Domik
Leaving CJ was the hardest thing that Domik had ever done. He knew it was necessary, but still. It hurt.
And he had a score to settle. Stepping out of the medical tent, he watched as troops, both human and Taurean, ran every which way. A truck bowled past, horn blaring as it tried to get through a throng of people.
Domik turned on the spot. The medical tent was toward one side of a small tent city that had been erected near the destroyed Space Force headquarters building. In the distance, the smoking remains of the hospital he remembered from his last visit could be seen.
That explains the field hospital.
Domik snagged the arm of a passing Taurean. “Tell me, where is field command?” The man pointed toward a nondescript tent with a solitary human marine standing guard and, with a nod of thanks, Domik headed toward it.
He didn’t pause as he entered, just pushed past the guard, who stepped back at Domik’s sheer size and the growl that split the air, and opened the flap. He stepped into a room filled with a large table, overhead fluorescent lights throwing a bright white light in the darkened interior.
Three familiar faces looked up as Domik entered, and he smiled. “Zac. Brother. T’arq,” he said in greeting as the three Taureans moved to greet him, clasping forearms in the traditional warriors’ greeting.
“Let’s get you some armor,” T’arq said, moving toward a trunk and tossing Domik some dark gray Taurean uniform pants and shirt.
He stripped right there, pulling off his boots and the sweatpants he still wore, which were now beyond filthy and now an unrecognizable shade of brown. He paid no attention to the other occupants in the tent, only looking up when he was fully dressed in Taurean armor once more.
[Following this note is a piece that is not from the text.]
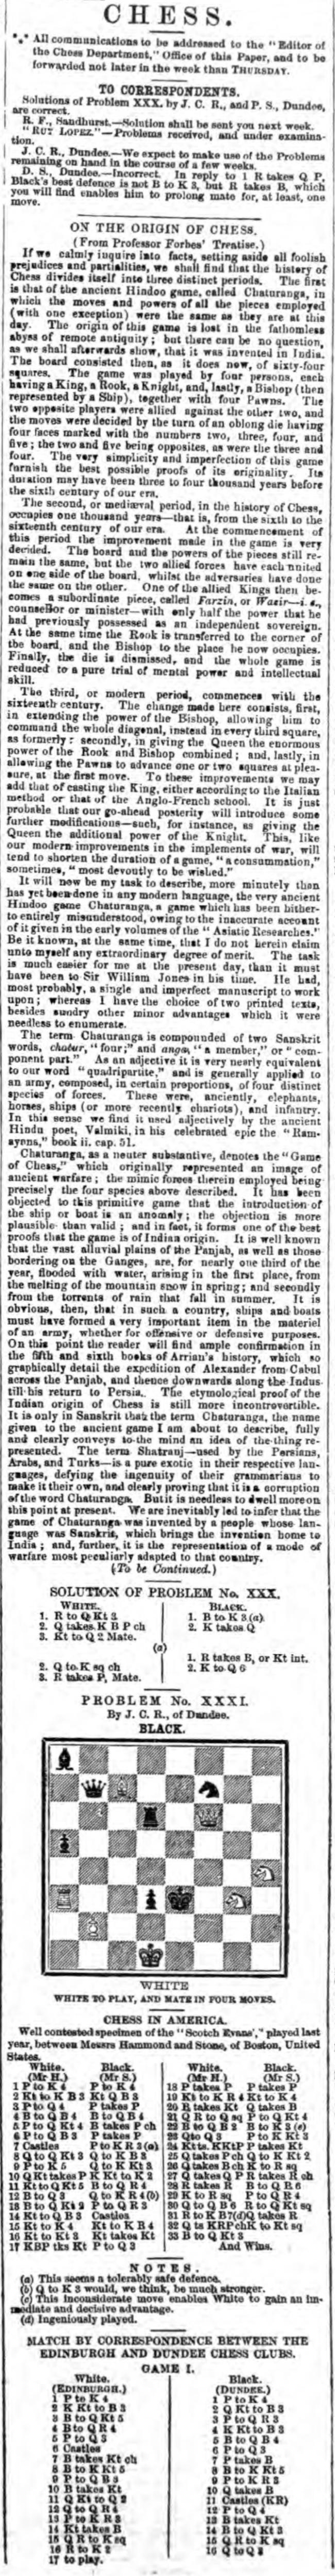 1863.02.23-01 Dundee Courier and Argus.jpg

When he approached the table where the three warriors were scanning various maps, they looked up.
“I’m glad to see you are alive,” Domik said, nodding at all three.
“Pretty hard to kill, we are.” T’arq laughed.
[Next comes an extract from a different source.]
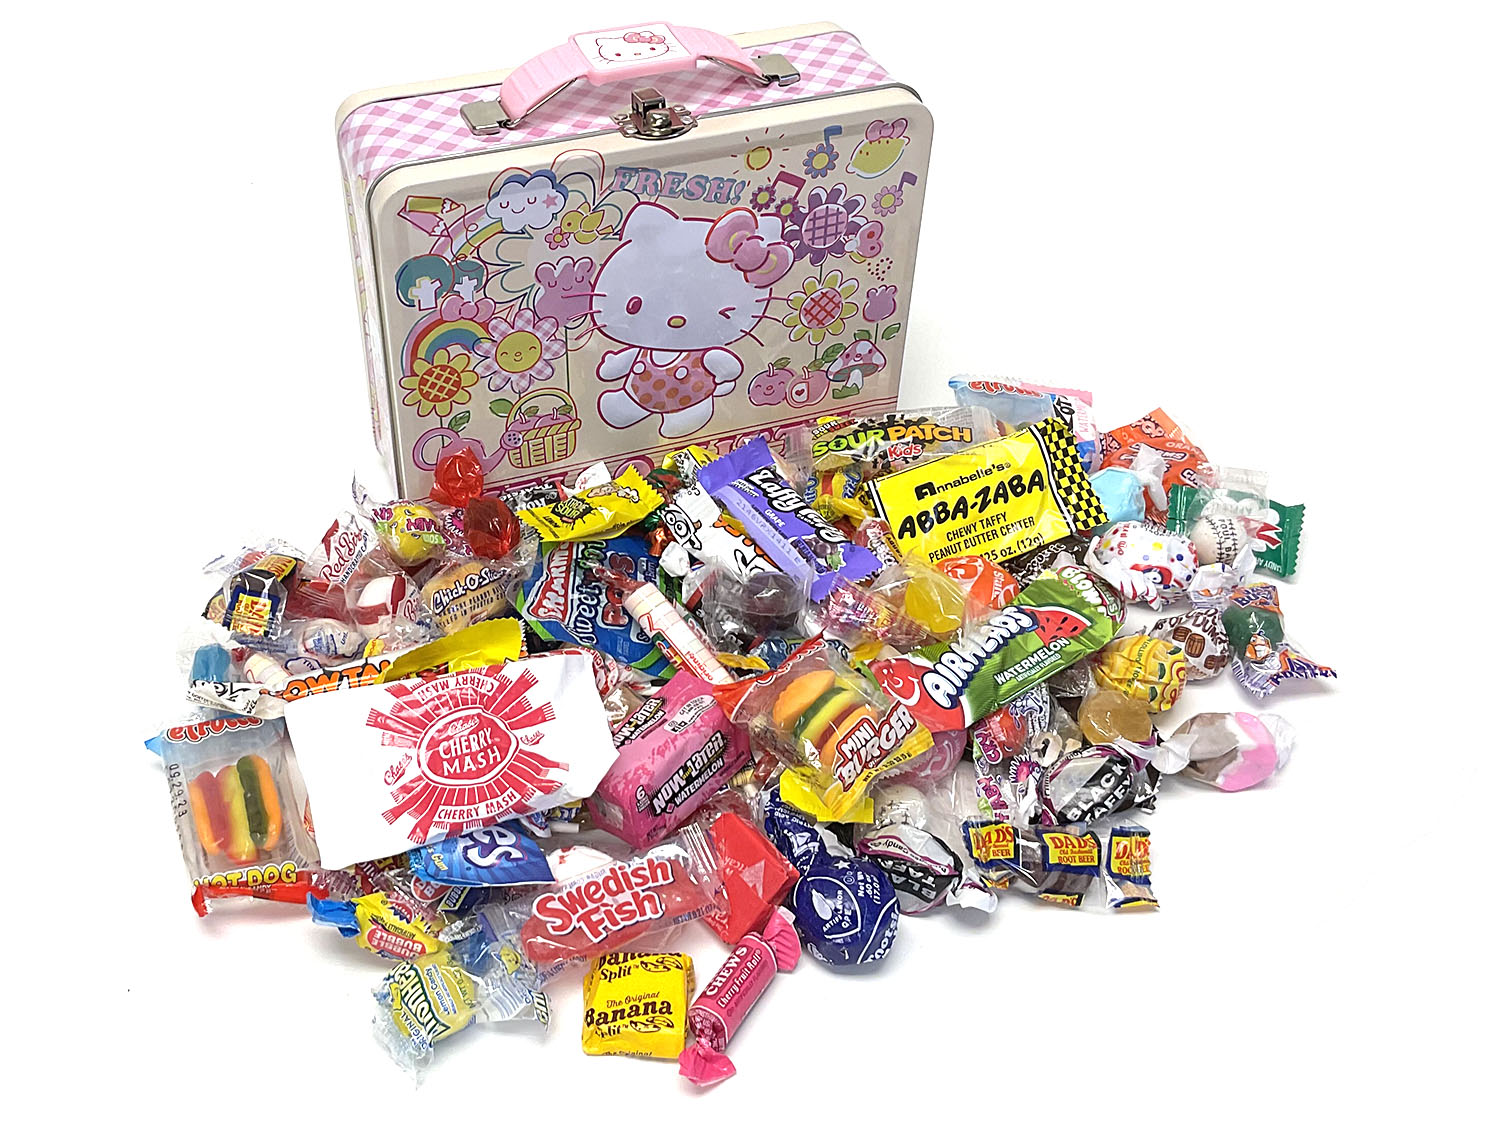 Hello Kitty® Classic Lunch Box For Teens

Zac nodded, a grim set to his jaw. “Oren tells us you saw a Xakul ship.”
Domik nodded, turning to his brother. “Did Clodagh tell you that?”
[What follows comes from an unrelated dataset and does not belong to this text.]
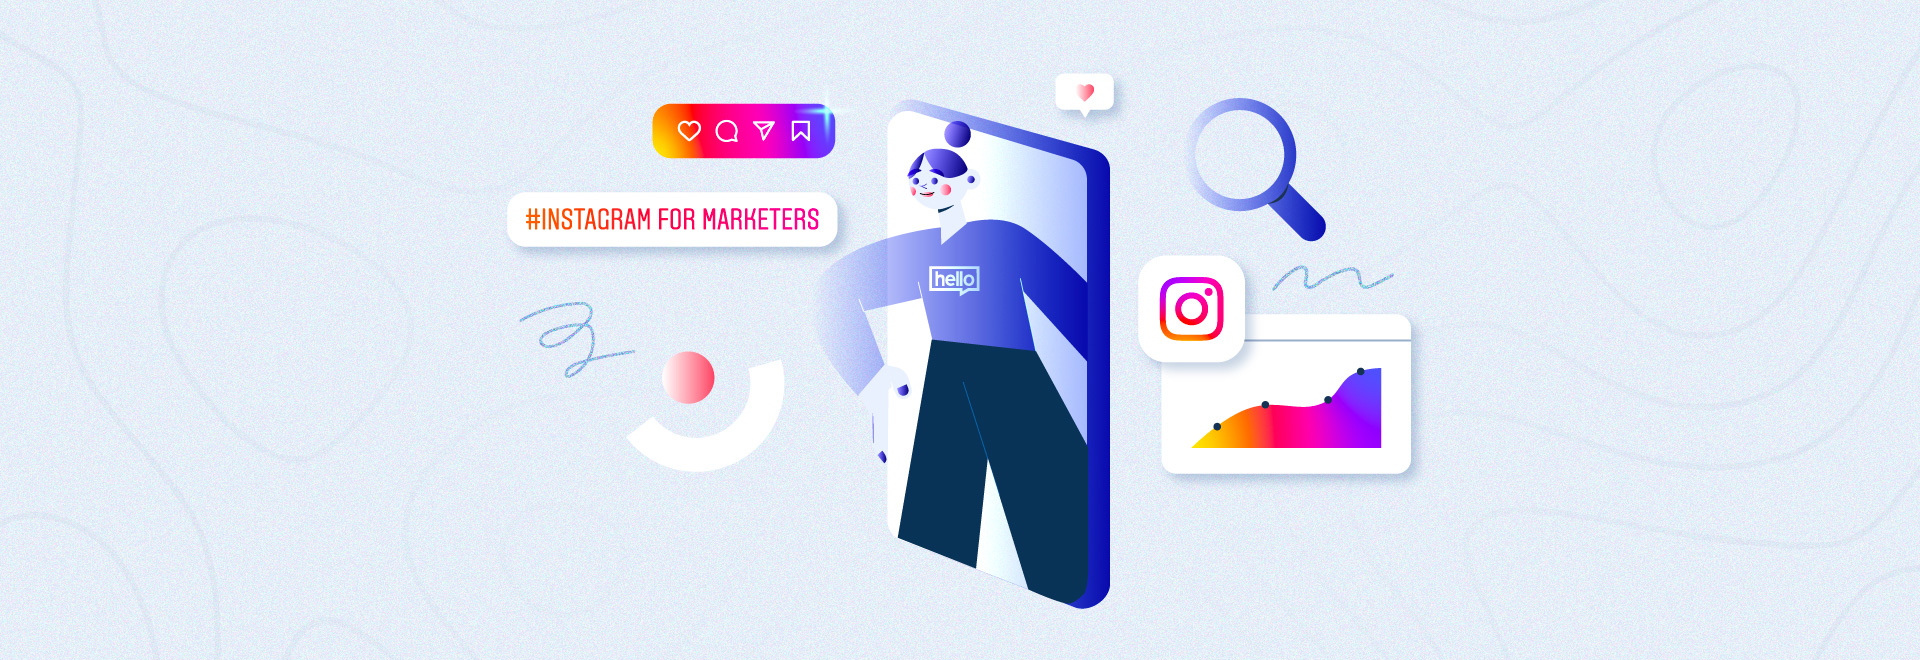 The basics of Instagram for marketers

“Yes, she also said the resistance seemed to expect them.”
Domik scrubbed a hand over his face. “I’ve been thinking about that. They were expecting a ship, that much was obvious. And the ship sounded like a Xakul ship. But when it flew over, it didn’t quite look like any Xakul ship I’d ever seen.”
The three Taureans glanced worriedly at each other.
“And we never saw a Xakul soldier.”
Oren lifted an eyebrow, and the two brothers spoke in unison. “The Taurean Purists.”
A collective gasp was heard as those around the table realized the implications of this.
“What would they want with us?”
Domik turned to see General Russell step forward, his head bandaged and his arm in a sling. One side of his face was swollen and bruised, and blood marred his torn uniform.
“It’s not what they want with you. It’s what they were hoping the resistance will do.”
“And that is?”
“To start a fight between humans and Taureans, so the Xakul will have less resistance to take Earth.”
The general sat heavily in a chair, staring sightlessly. “So we get wiped out.”
Domik nodded. “Yes.”
He laughed; the sound crazed. “Too bad for them. We aren’t easy to kill, either.”
You haven’t seen Xakul soldiers in battle.
But Domik kept his mouth shut and let the general be surrounded by his staff.